I think this blog is giving you more than you know. Sometimes, writing down your scattered thoughts can shift your perspective. Try and be grateful for what you DO have, like a dad that is capable of helping you financially. A lot of people don’t have that support system at all. I hope the last moments you have with your grandmother aren’t bitter memories. I am sure she is processing the idea of death as best as she can, and maybe the anger, remorse, etc. is coming out towards you? You are a bit accident prone, so sorry you hurt yourself so badly!!! Hospital bills suck, I’ve definitely been there. If you need any help moving, my car can hold quite a bit.
The sentence of this post that struck me the most was “Oh wait, I also have to figure out what to get my Masters degree in too so that real life can start. But I have no idea what to do at this point.” — Your “real life” is happening right now. Just because you aren’t currently in school working towards another degree does not deem you a failure.

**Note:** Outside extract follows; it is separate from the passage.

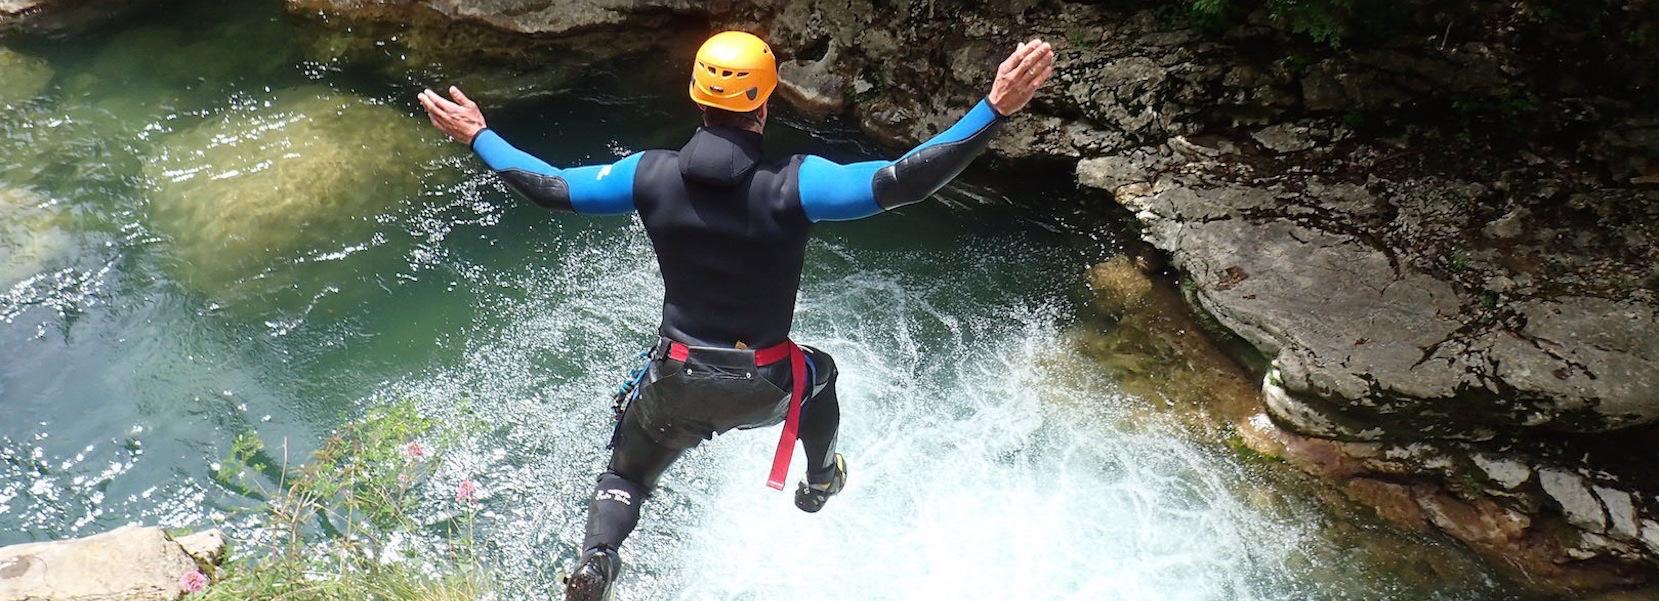 Initiation canyoning dans les Alpes Maritimes proche de NIce Cannes Antibes Grasse ou Monaco.Canyon des Gorges du loup, de Barbaira ou de la Maglia.

Or stuck. Or blending. Or just existing. Coming back to Maryland so soon wasn’t in your plan, but that’s OK. Life does not give a damn about your plans. All you really have control over is your happiness. Sometimes, you have to shift the idea of what happiness is or what it looks like. But feeling like you’re hopelessly stagnant because you aren’t in school and aren’t living in an area different from where you grew up is a side effect of comparing yourself to other people. Doing so creates tons and tons of toxic thought patterns that end up leading you nowhere, except keeping that feeling of stagnation.
Everyday, so what makes you happy. If it’s writing, then write. If it’s working at the Mac, then do that and start making meaningful connections that could lead somewhere else. Go outside more (with a helmet) and breathe some fresh air. Keep in mind all that is important to you (i.e. family, friends, etc.) and focus all of your energy there, and let the rest go.